If the server decided not to SDCH-encode the response even if the client has
advertised some valid dictionaries, it adds
```
X-SDCH-Encode: 0
```
header to the response. The client should be prepared to handle it.
> *NOTE:* after the client has parsed the dictionary server hash from the
> response it may use `canUseDictionary` to check if dictionary is valid to use.

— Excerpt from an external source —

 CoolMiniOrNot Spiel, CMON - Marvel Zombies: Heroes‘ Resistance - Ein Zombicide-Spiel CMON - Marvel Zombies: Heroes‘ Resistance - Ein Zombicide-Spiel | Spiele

##### `createDictionaryFromOptions(opts)`
Creates dictionary from provided options, parsed from the dictionary using
`createDictionaryOptions` if they seem valid. Otherwise throws Error.
Chromium performs this checks after it downloads the dictionary. The dictionary
will not be created if:
* `opts.domain` is `null` or empty string
* `opts.domain` specifies TLD (via `tldjs` package)

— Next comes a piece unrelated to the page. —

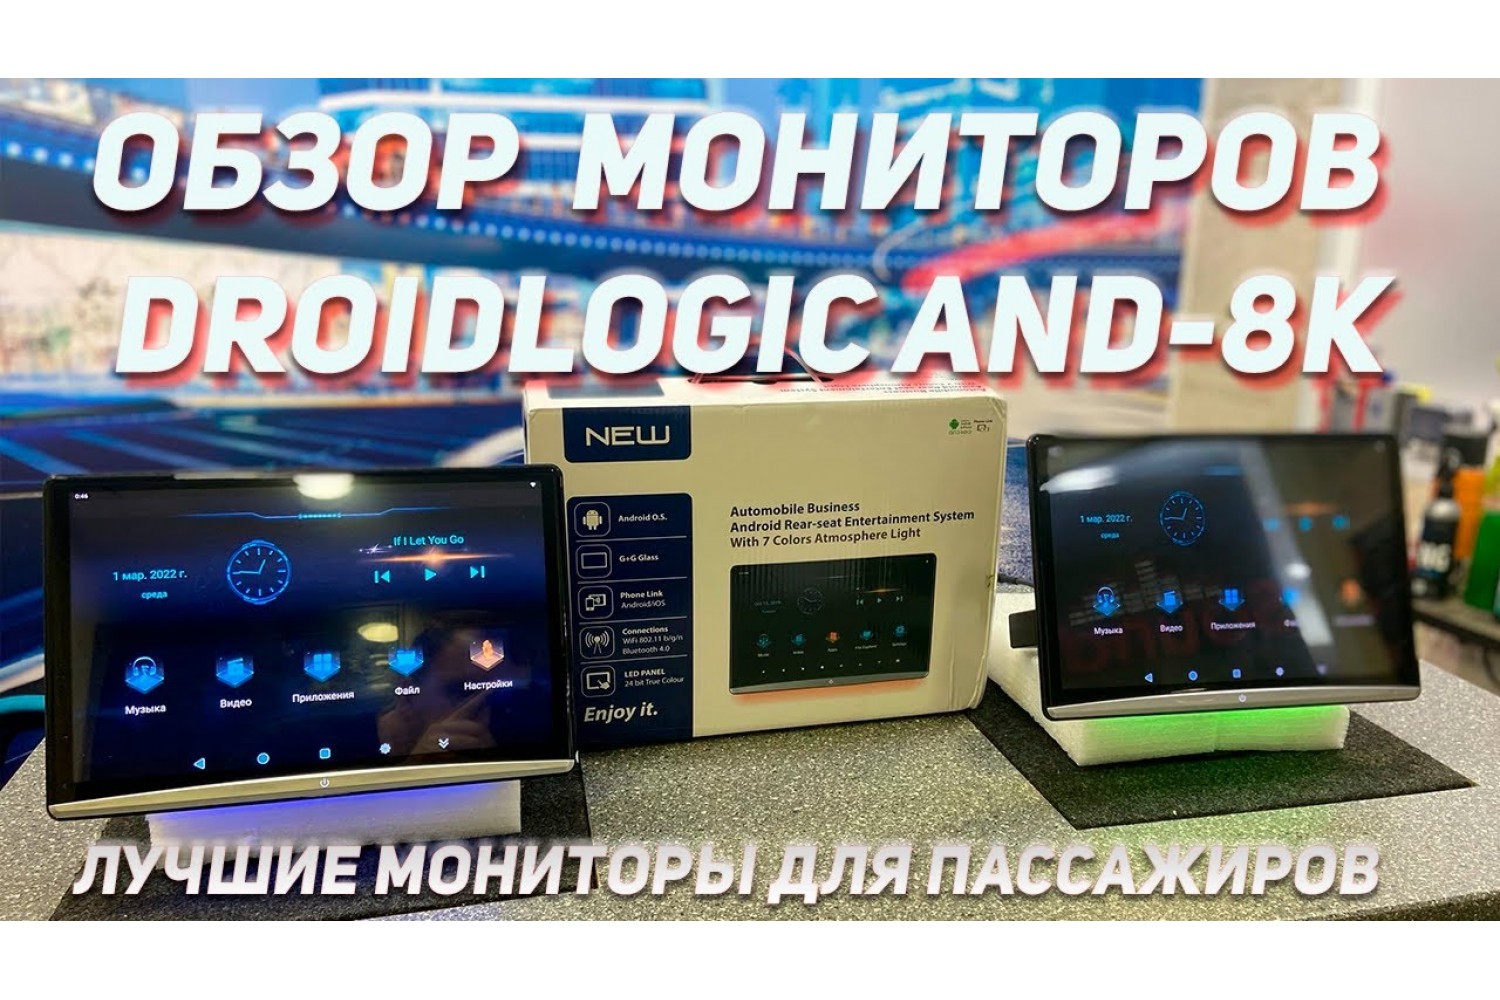 Обзор Мониторов Droidlogic AND-8K

* `opts.url` hostname is not `opts.domain` or if `opts.domain` starts with `.`
and `opts.url` hostname does not belong to `opts.domain`. Theoretically both
of these mean just not belonging to the domain:)
* if `opts.ports` provided but does not include `opts.url` port. No port means
port 80 for http and 443 for https, naturally.
* if `opts.formatVersion is provided but does not equal to `'1.0'` (this is
what chromium does).
##### `canUseDictionary(dictionary, referringUrl)`
Determines if the client can really use the dictionary for decoding the
resource (from `referringUrl`). This check is performed by the client
(Chromium) when it parses _server hash_ from the first 9 bytes of the response
body and need to verify that dictionary suggested by the server is valid for
that resource.
The function return `false` if:
* `referringUrl` domain does not match `dictionary.domain`
* `dictionary.ports` is present but `referringUrl` port does not match them
* `dictionary.path` is present but `referringUrl` path does not match it (see
description of the `path` field).
* if `dictionary.url` scheme does not match `referringUrl` one. Simply
speaking, you should not use non-secure dictionaries for secure resources and
vice versa.
##### `canAdvertiseDictionary(dictionary, targetUrl)`
Determines if the client should advertise that `dictionary` is available when
it requests `targetUrl`.
The function return `false` if:
* `targetUrl` domain does not match `dictionary.domain`
* `dictionary.ports` is present but `targetUrl` port does not match them
* if `dictionary.url` scheme does not match `targetUrl` one.
* dictionary is expired (`current time > dictionary.expiration`).
##### `canFetchDictionary(dictionaryUrl, referringUrl)`
Determines if the client should fetch the dictionary located on `dictionaryUrl`
advertised by the server in the `referringUrl` response.
The function return `false` if:
* `referringUrl` and `dictionaryUrl` hash different schemes (http vs https)
* `referringUrl` does not equal to `dictionaryUrl`. Note, that this is exact
match.
* schemes are not `http` or `https`. This is just additional check which exists
in Chromium but not specified in anywhere.